Existe uma confusão que atrasa há décadas a conversa sobre soluções tecnológicas e sustentáveis: tratar sustentabilidade como sinônimo de produzir menos. Essa leitura transformou o tema em custo, em departamento de relatório e em slide de fim de apresentação. A leitura correta é outra e é bem mais interessante para quem toca um negócio: sustentabilidade é produtividade dos recursos — quanto de insumo você consome para entregar uma unidade de valor.

    Reduzir insumo por unidade produzida é, ao mesmo tempo, um indicador ambiental e um indicador financeiro. Menos adubo desperdiçado, menos água bombeada, menos diesel queimado, menos servidor ocioso, menos retrabalho de código: cada um desses itens aparece na conta de resultado e na conta ecológica na mesma linha. É por isso que as empresas que levam o tema a sério raramente falam em “sacrifício”. Elas falam em desperdício.

    Este artigo organiza a discussão em cinco blocos que se encaixam: os três pilares da sustentabilidade (incluindo a dimensão cultural, quase sempre esquecida), a disputa entre obsolescência programada e desmaterialização, o papel do agronegócio como maior laboratório de produção sustentável do Brasil, a revolução digital que a Embrapa ajudou a levar ao campo e, por fim, os sistemas de precisão — a camada onde dado vira decisão e decisão vira economia de insumo.

    A tese que atravessa o texto é simples: tecnologia não é sustentável por natureza. Ela só se torna sustentável quando é projetada para reduzir a intensidade de recursos de um processo real, e quando esse ganho é medido. Sem medição, o que existe é narrativa.

    Os três pilares da sustentabilidade — e por que a cultura entra na conta

    A definição clássica de desenvolvimento sustentável nasceu no Relatório Brundtland (1987): a geração atual deve suprir suas necessidades sem comprometer a capacidade das gerações futuras de suprirem as suas. Repare no verbo — suprir necessidades. Não é abstinência, é atendimento de necessidade com responsabilidade intergeracional. Desse princípio derivam os três pilares que sustentam qualquer solução que se pretenda sustentável.

    Ambiental

    Trata dos limites físicos: solo, água, energia, biodiversidade, emissões e destino dos resíduos. O indicador prático não é “usamos recurso?”, mas quanto recurso por unidade produzida e se a taxa de uso respeita a taxa de reposição do sistema. Um aquífero explorado acima da recarga não é sustentável, mesmo que a empresa recicle papel no escritório.

    Social e cultural

    É o pilar mais negligenciado em projetos de tecnologia. Uma solução que ignora o repertório, a linguagem e os hábitos de quem vai operá-la simplesmente não é adotada — e tecnologia não adotada tem impacto zero. Cultura aqui significa saberes locais, formas de organização do trabalho e confiança. É o que decide se o sensor instalado será lido ou vai virar sucata em seis meses.

    Econômico

    Sem viabilidade econômica a solução não se repete, e o que não se repete não transforma nada. O pilar econômico exige payback claro: quanto custa implantar, em quanto tempo a economia de insumo cobre o investimento e qual o risco de o ganho não se materializar. Sustentabilidade que depende permanentemente de subsídio é projeto-piloto, não modelo.

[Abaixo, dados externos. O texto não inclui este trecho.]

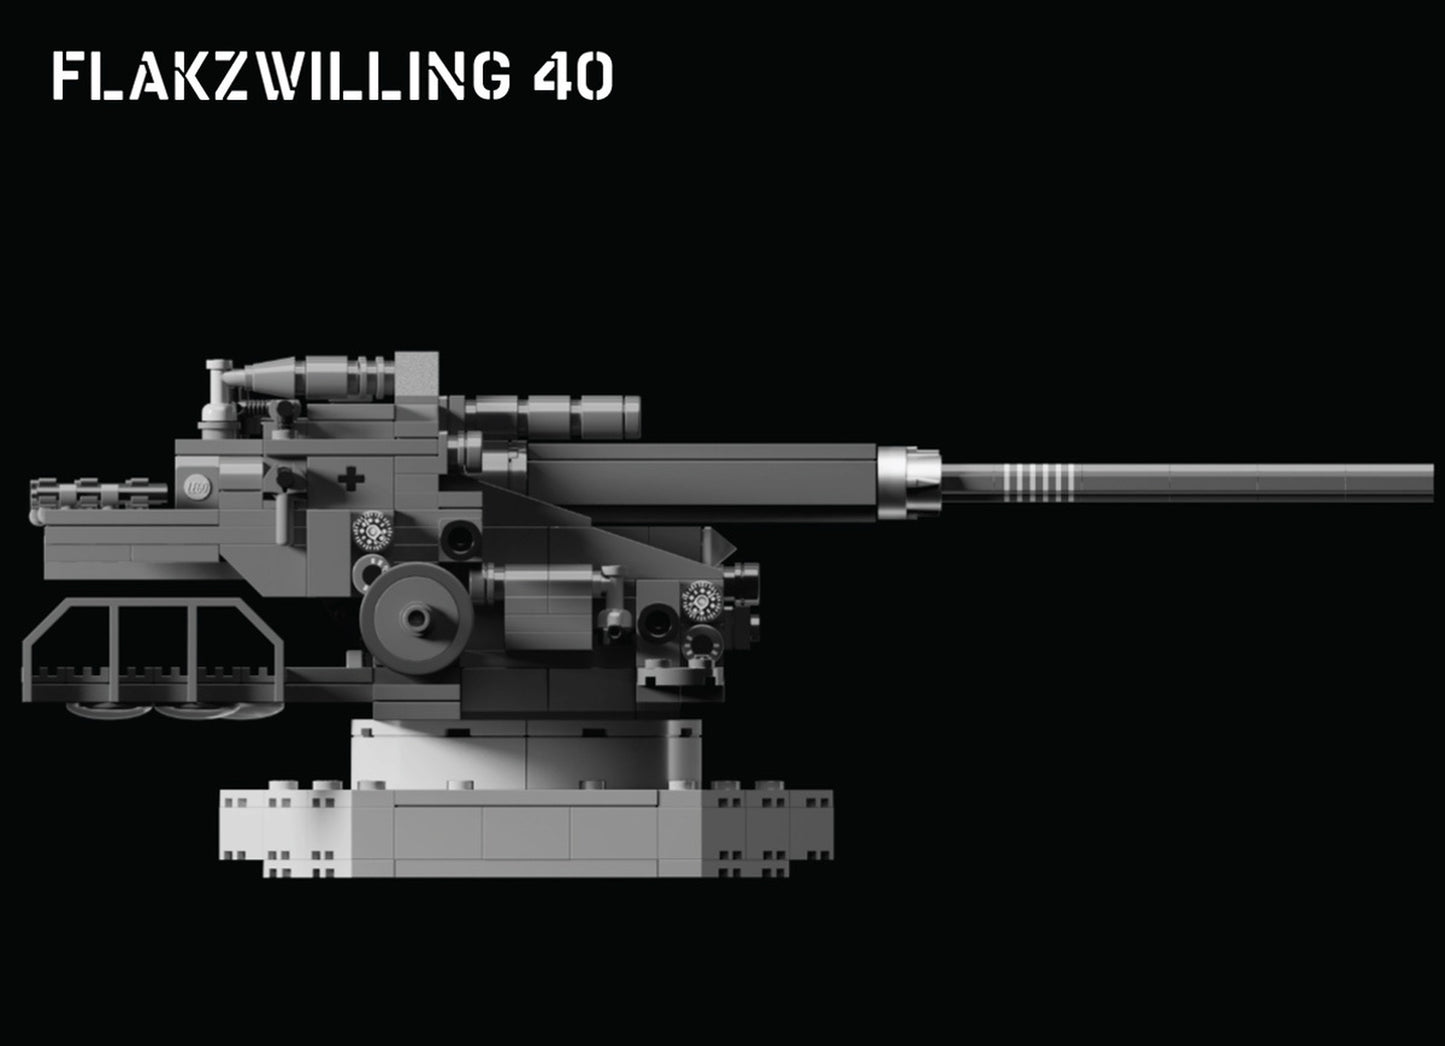 Flakzwilling 40 – 12.8 cm FlaK 40 Twin Mount
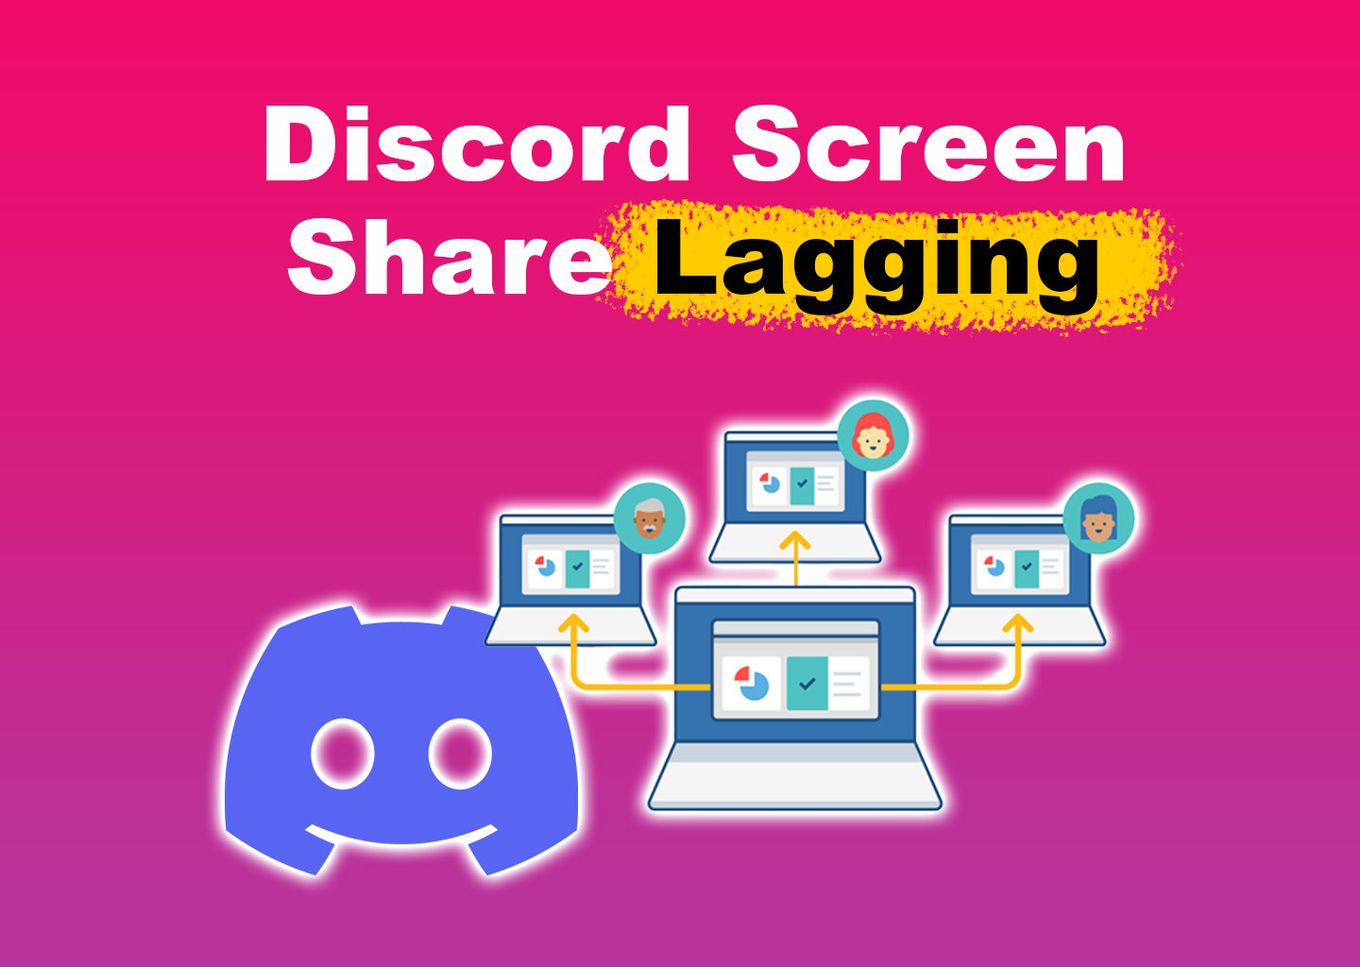 Discord Screen Share Lagging

    Ilustração dos três pilares da sustentabilidade — ambiental, social e econômico — apoiados sobre o planeta

    Os pilares não são independentes

    O erro mais comum é otimizar um pilar e destruir outro. Trocar uma matriz produtiva por outra menos poluente, mas que elimina a renda de uma comunidade inteira, resolve o ambiental e quebra o social. Automatizar um processo para cortar custo e, no caminho, aumentar o consumo energético resolve o econômico de curto prazo e agrava o ambiental de longo prazo.

    Por isso a avaliação precisa ser feita em sistema, com os três indicadores na mesma tela. É exatamente essa disciplina — olhar estoques, fluxos e efeitos colaterais — que Donella Meadows sistematizou em Pensando em Sistemas, citado nas referências.

    Obsolescência programada × desmaterialização

    Essas duas forças puxam a economia em direções opostas. A primeira multiplica matéria para sustentar receita. A segunda multiplica função sobre a mesma matéria. Entender de qual lado o seu produto está é um dos exercícios estratégicos mais honestos que uma empresa de tecnologia pode fazer.

    Obsolescência programada

    É a decisão de projeto que encurta deliberadamente a vida útil de um produto: peça crítica que não pode ser substituída, bateria colada, ausência de peças de reposição, software novo que trava o aparelho antigo, ou simplesmente estilo que envelhece rápido (a obsolescência percebida).

    O custo ambiental é duplo: extrai-se matéria-prima de novo e descarta-se um produto que ainda funcionava. O custo social também: o resíduo eletrônico costuma terminar longe de quem lucrou com a venda.

    Desmaterialização

    É entregar a mesma função com menos matéria. Um smartphone absorveu câmera, GPS, gravador, agenda, mapa impresso, calculadora, rádio e lanterna. Um SaaS substitui CD, manual, servidor local e visita técnica. Um marketplace de serviços substitui frota parada.

    A ressalva importante: desmaterializar não é mágica. O bit roda em infraestrutura física. Datacenter consome energia e água de resfriamento; o ganho só é real quando a economia de matéria supera o custo energético adicionado — e isso precisa ser medido, não presumido.

    DimensãoObsolescência programadaDesmaterialização
    Lógica de receitaNova venda a cada ciclo curtoRecorrência por uso e atualização
    Uso de matéria-primaCresce junto com a receitaDesacopla da receita
    Relação com o clienteTransacional; atrito na reposiçãoContínua; valor cresce com o tempo
    Resíduo geradoAlto e crescente (e-waste)Baixo, concentrado na infraestrutura
    Principal riscoRegulação, reputação e direito ao reparoCusto de energia e dependência de conectividade
    Comparação visual entre pilha de eletrônicos descartados e a mesma função concentrada em um único dispositivo digital

    O caminho do meio: durabilidade projetada

    Entre destruir valor cedo e fingir que o digital não pesa existe uma terceira via, defendida por Braungart e McDonough: projetar para reparo, atualização modular e retorno de material. Na prática de software, isso se traduz em compatibilidade retroativa, código enxuto que roda em máquina antiga, arquitetura que não obriga o cliente a trocar hardware a cada versão e infraestrutura dimensionada pelo uso real — não pelo pico imaginado.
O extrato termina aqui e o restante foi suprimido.